As Steve Silberman reports in a recent article in Wired magazine, the percentage of new pharmaceutical products being scrapped due to poor performances in clinical trials has been climbing steadily over the past decade.
Today, "[h]alf of all drugs that fail in late-stage trials drop out of the pipeline due to their inability to beat sugar pills," he says. (For FDA approval, a new drug must beat a placebo in at least two trials.)
Furthermore — and this has drug companies equally worried — even some of its older products, like Prozac, are not faring well against the placebo in follow-up trials. Writes Silberman:
In many cases, these are the compounds that, in the late ‘90s, made Big Pharma more profitable than Big Oil. But if these same drugs were vetted now, the FDA might not approve some of them. ... It’s not that the old meds are getting weaker, drug developers say. It’s as if the placebo effect is somehow getting stronger.

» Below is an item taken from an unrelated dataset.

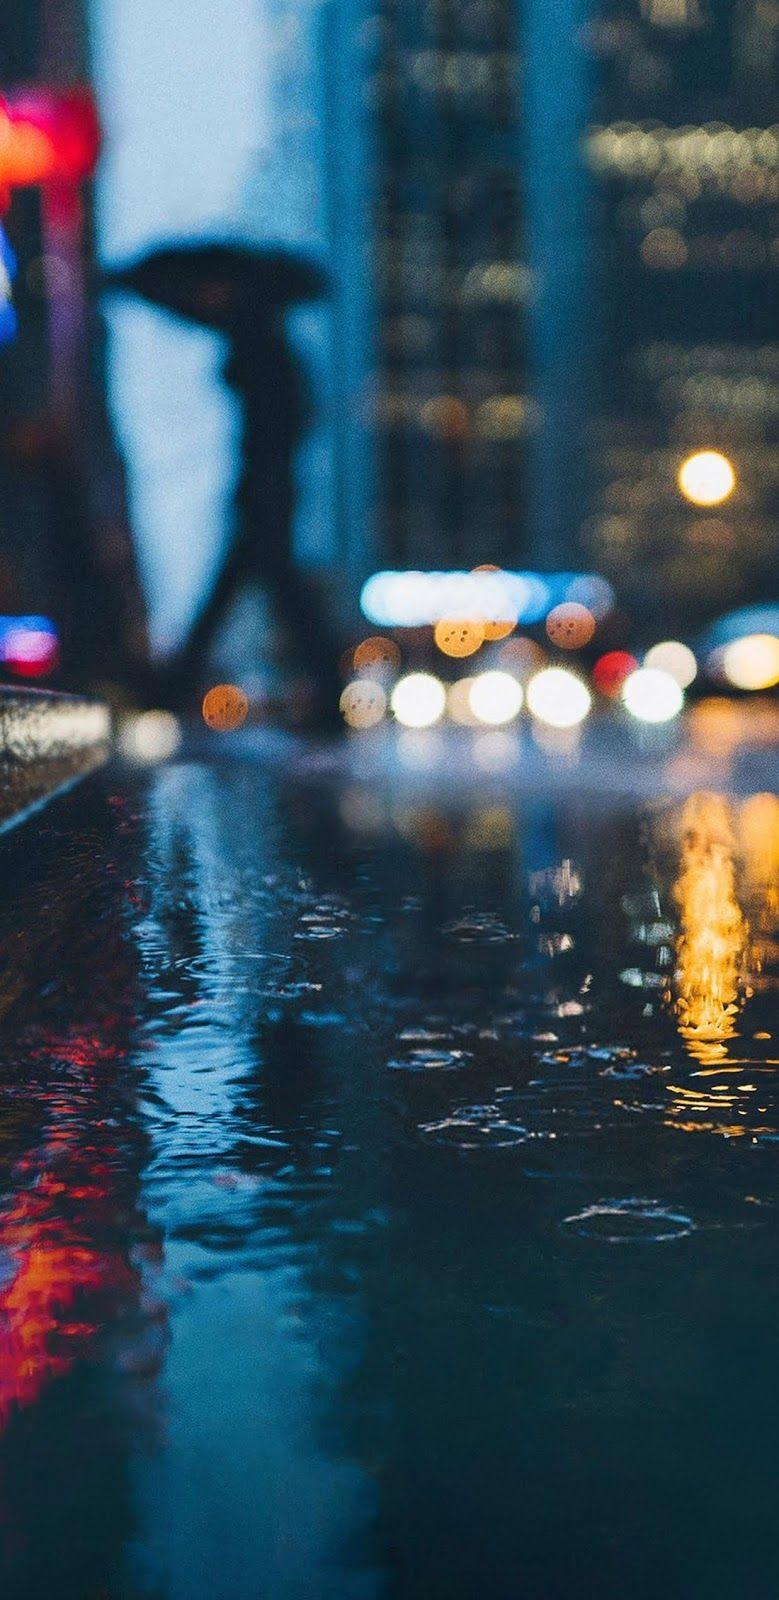 Rainy Night Mobile Wallpaper Google Pixel Wallpaper Rain Wallpapers Iphone Wallpaper Rain

The fact that an increasing number of medications are unable to beat sugar pills has thrown the industry into crisis. The stakes could hardly be higher. In today’s economy, the fate of a long-established company can hang on the outcome of a handful of tests.
Silberman reports that Big Pharma, under the auspices of the National Institutes of Health, has launched a sort of hush-hush program (people would talk about it only anonymously) to figure out exactly why the placebo effect has been gaining strength.

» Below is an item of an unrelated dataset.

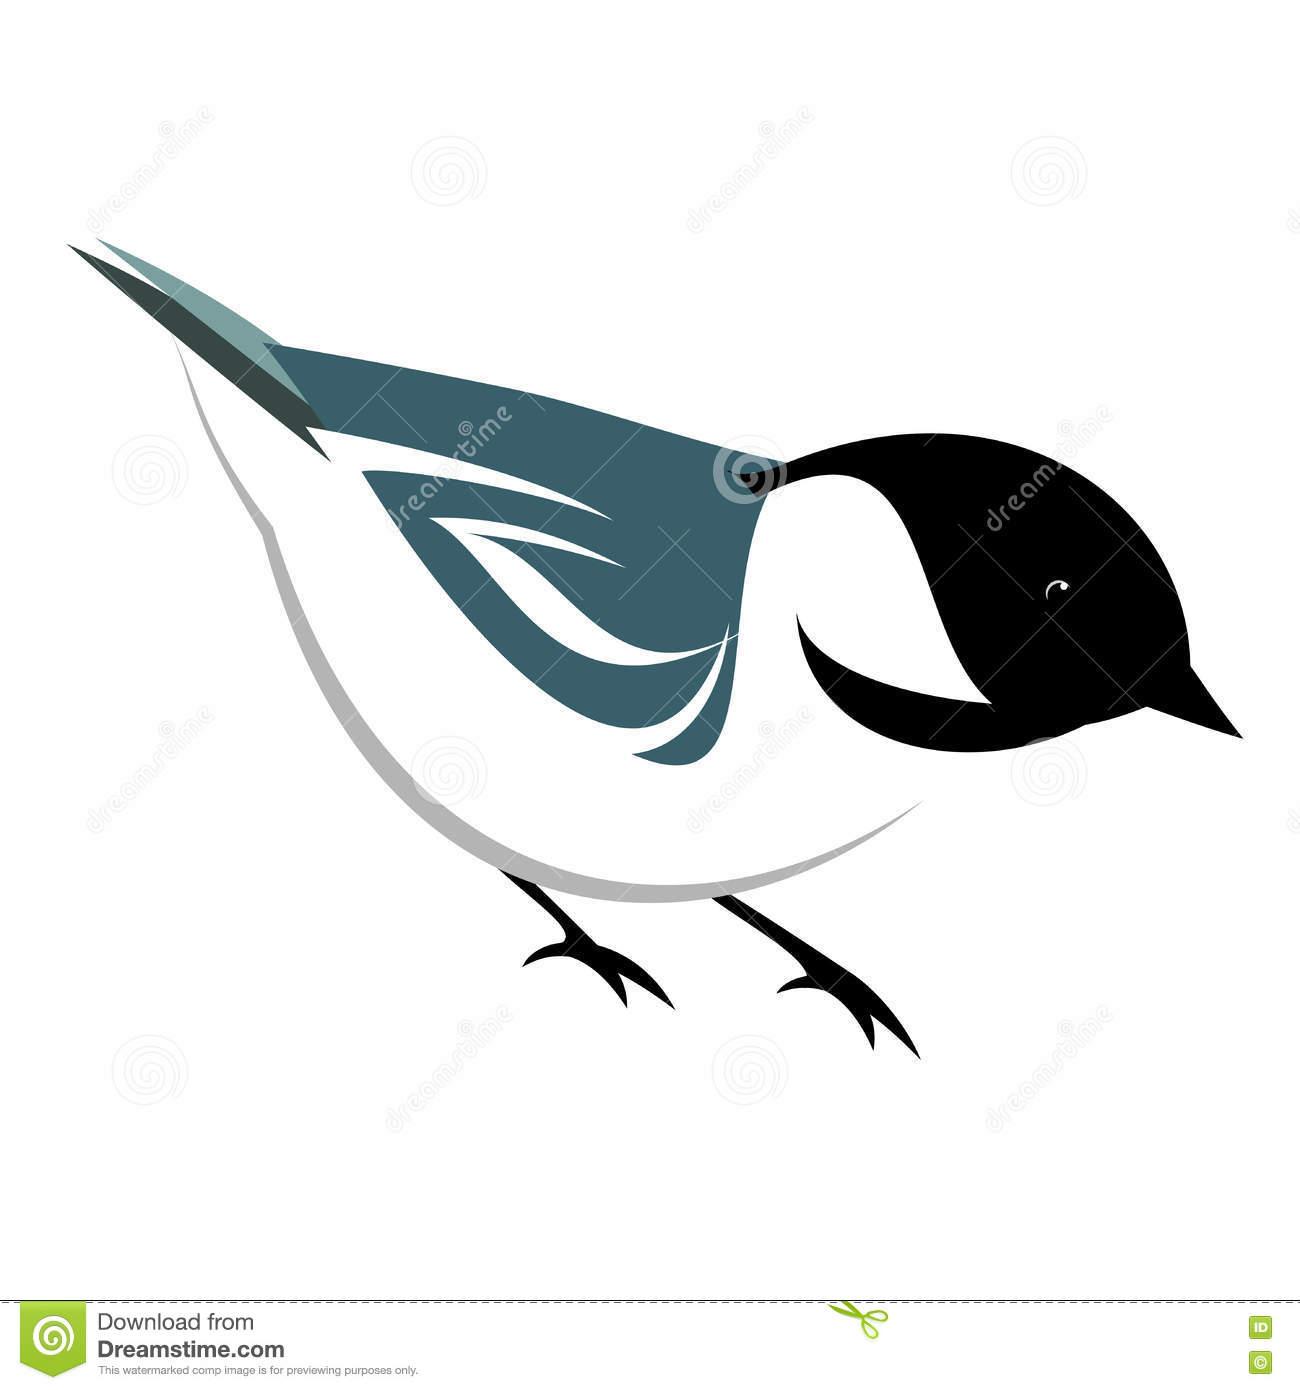 Stylized Chickadee Illustration Stock Vector.

I found a couple of the proposed explanations for this conundrum by the article's experts particularly intriguing:
• Direct-to-consumer advertising of antidepressants, statins and other "blockbuster drugs" in the United States has been so successful that it’s difficult for Big Pharma to find potential volunteers here who aren’t already taking some kind of medication.
So drug companies are going overseas (Africa, India, China, and the former Soviet Union) to conduct their trials. But there they're finding that "cultural dynamics can boost the placebo response in other ways," says Silberman. "Doctors in these countries are paid to fill up trial rosters quickly, which may motivate them to recruit patients with milder forms of illness that yield more readily to placebo treatment."
• When it comes to psychiatric drugs, one of Big Pharma’s problems with beating placebo may lie in its expansive definition of mental illnesses, including depression.
"Existing tests also may not be appropriate for diagnosing disorders like social anxiety and premenstrual dysphoria — the very types of chronic, fuzzily defined conditions that the drug industry started targeting in the ‘90s, when the placebo problem began escalating," writes Silberman. "The neurological foundation of these illnesses is still being debated, making it even harder for drug companies to come up with effective treatments."
After reading the article, I found myself wondering whether what’s running amok is not the placebo effect, but disease mongering (the invention of nonexistent medical conditions or the exaggeration of ordinary ailments in order to sell drugs or procedures).
Now, if only that could be cured with a pill.